1807-21, sotto il governo sardo-piemontese, la comunità di Bosa è capoluogo di provincia.
1836, dopo la soppressione dei feudi, si sviluppa l’attività di concia delle pelli nel quartiere Sas Conzas e vengono rinnovati e abbelliti i palazzi del corso.
1877, inaugurazione dell’acquedotto.
L’intera vita di Bosa si svolge sull’acqua. Fondata dai marinai e dai mercanti fenici sulla costa nord-occidentale della Sardegna, la cittadina si snoda tra fiume e mare. Nel contrasto tra acqua dolce e salata, è riuscita a far convivere il pastore col pescatore, le reti a maglie larghe di quest’ultimo con le piccole reti del ricamo femminile cui ancora si dedicano le donne anziane sulla soglia di casa. L’acqua immobile del Temo che attraversa Bosa, le barche ancorate, le vecchie concerie ottocentesche, le case sul lungofiume, i colli intorno e, dall’altra parte, la marina: è una visione d’incanto che, per essere apprezzata appieno, deve proseguire dentro il quartiere Sa Costa, con il suo intreccio di vicoli e slarghi, con le sue case colorate che scendono fino alla riva del fiume, animata dal leggero movimento delle palme al vento. Molti i ricordi che si possono conservare dopo una visita: la suggestiva processione sul fiume delle barche addobbate a festa, l’incanto romanico della chiesa di San Pietro extra muros, certe luci sulla spiaggia gelata dal temporale, le strade lucenti, come se un velo d’acqua le rinfrescasse sempre.
Le palme del lungofiume mosse dal vento, la linea di casette basse delle Concerie, i viottoli in sasso di fiume del quartiere medievale; e oltre, il verde nelle sue sfumature, il mare azzurro e, se si è fortunati, il volo del grifone intorno al Castello dei Malaspina. Questa è Bosa: luogo dal fascino strano, incerto tra fiume e mare, dai colori indefinibili, dai sentimenti forti ma introflessi, come di chi si sente ben radicato nella propria cultura.

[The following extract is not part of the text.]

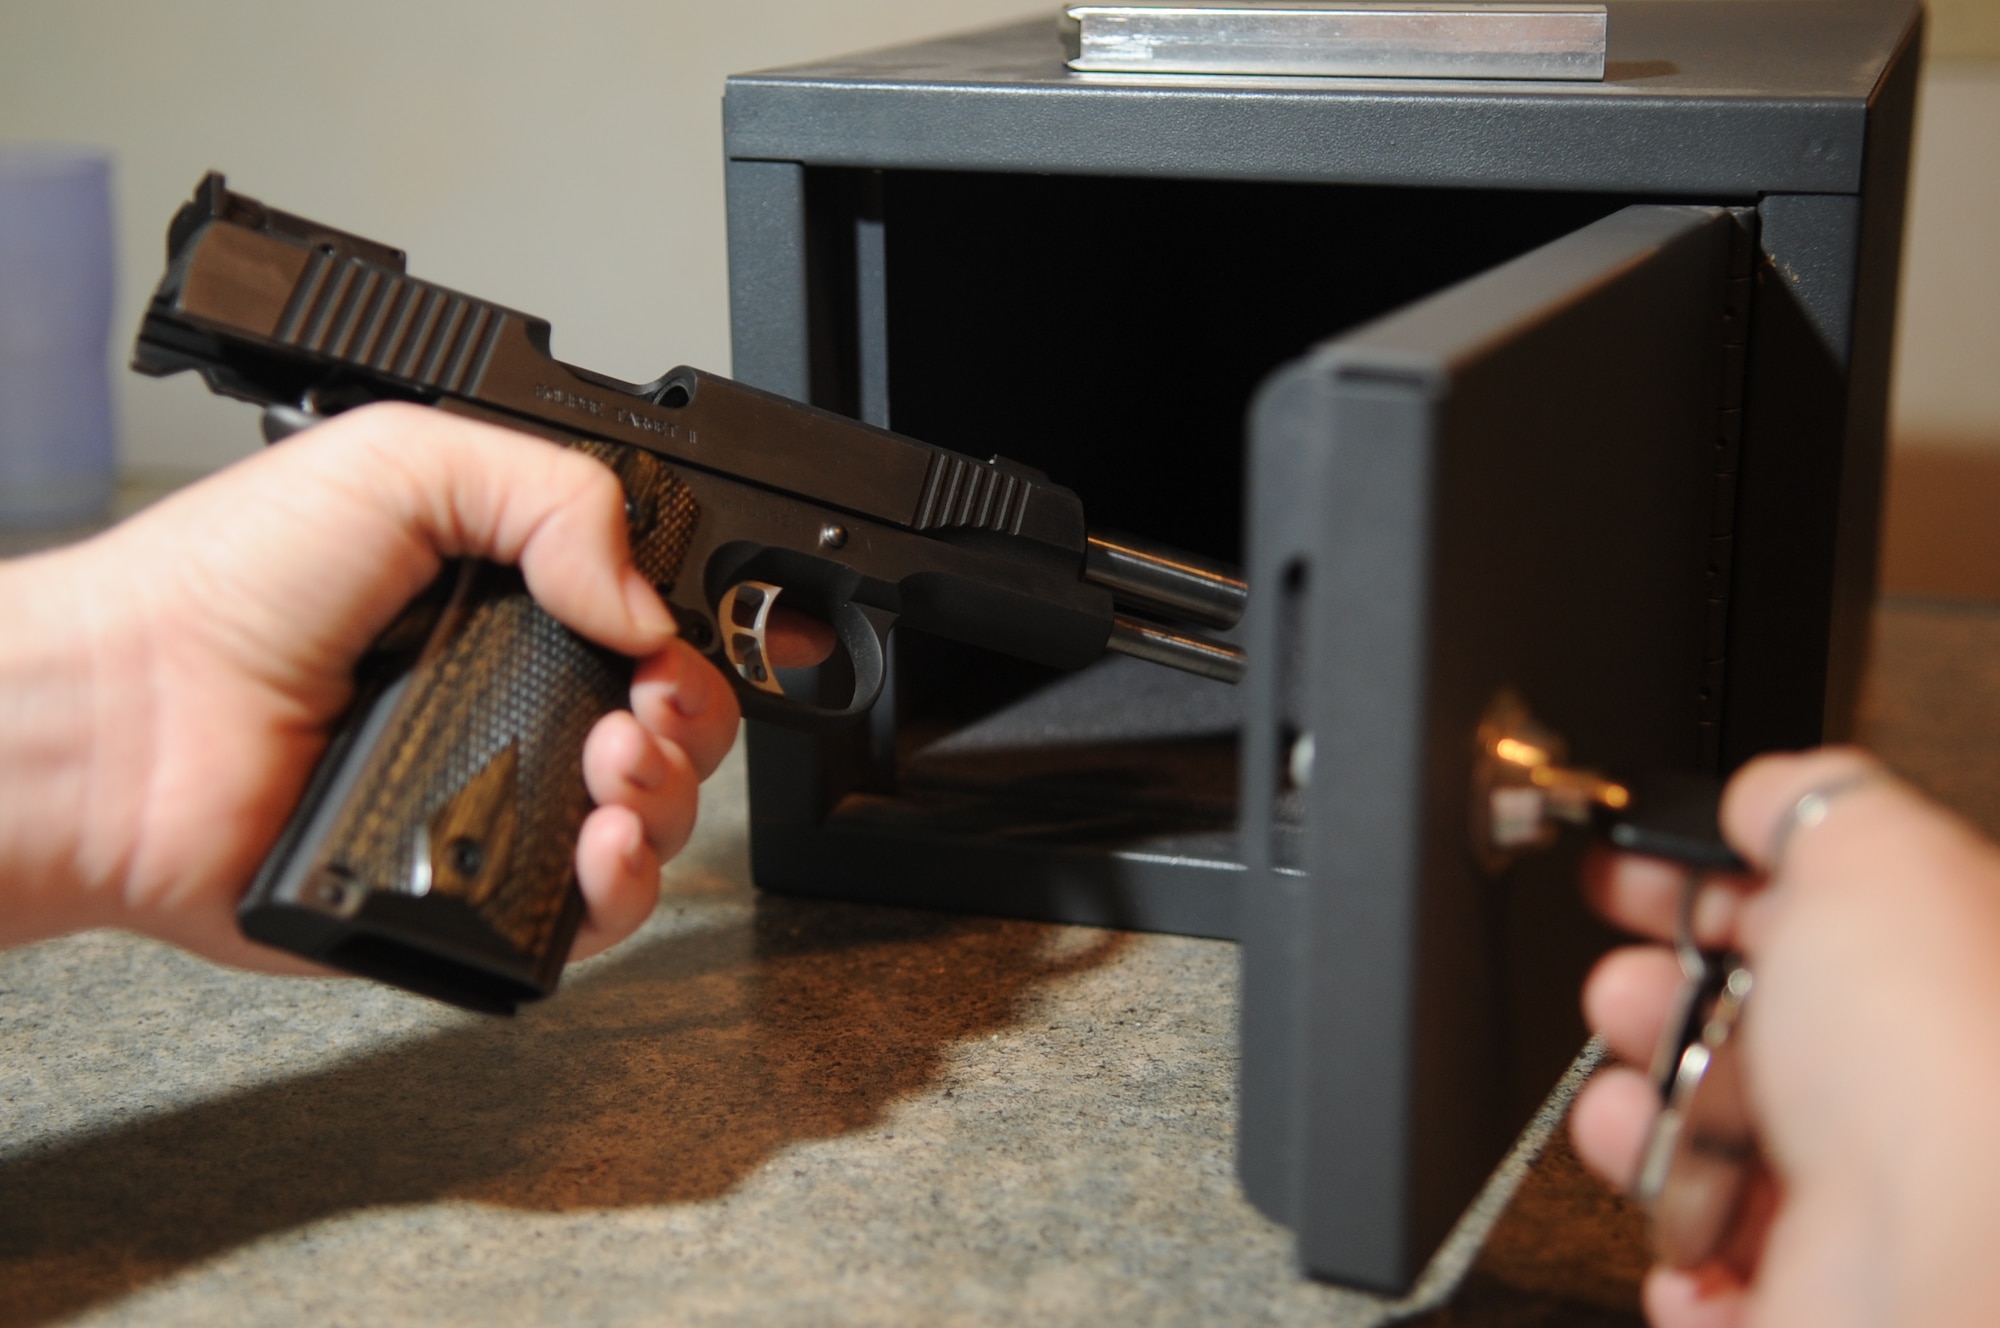 III. Factors to Consider Before Owning a Firearm

Nata fenicia, quando le navi dei cartaginesi solcavano il Mediterraneo, Bosa si trova sulla costa nord-occidentale della Sardegna, capoluogo della Planargia, regione a vocazione agricola. La città romana sorgeva lungo il corso del fiume, nei pressi (anzi, un po’ più a monte) dell’attuale basilica di San Pietro extra muros, ormai in aperta campagna, edificata in forme romaniche nel 1062, con bellissima facciata del XIII secolo. Dopo l’abbandono causato dalle scorribande dei pirati saraceni, il nuovo insediamento – quello odierno – ha origine dal castello dei Malaspina, fortezza militare costruita nel 1112, al cui interno si trova la chiesetta di Regnos Altos con interessanti affreschi di ambiente italo-provenzale del XIV secolo. Intorno al colle dominato dal castello si è sviluppato il borgo medievale, corrispondente al quartiere Sa Costa, caratterizzato da un intreccio di vicoli che seguono le curve del colle, raccordati da scalinate in trachite, e su cui si affacciano case nell’apparente disordine dell’architettura spontanea, in cui si mescolano abitazioni povere e edifici di pregio, in un amalgama urbano che è tra i più originali della Sardegna. Vi abita gente paziente, dedita ad un artigianato del ricamo e della filigrana in oro, che necessita di gesti antichi: di quando le donne intrecciando fili scongiuravano ritualmente i pericoli affrontati dagli uomini in mare. Guardando frontiere e arrembaggi, questa comunità è cresciuta accumulando tesori: palazzi, chiese e opere d’arte e i profumi della Malvasia ricavata dai vigneti assolati, quasi nascosta nelle cantine nella parte bassa di Sa Costa, dove oggi si può degustare.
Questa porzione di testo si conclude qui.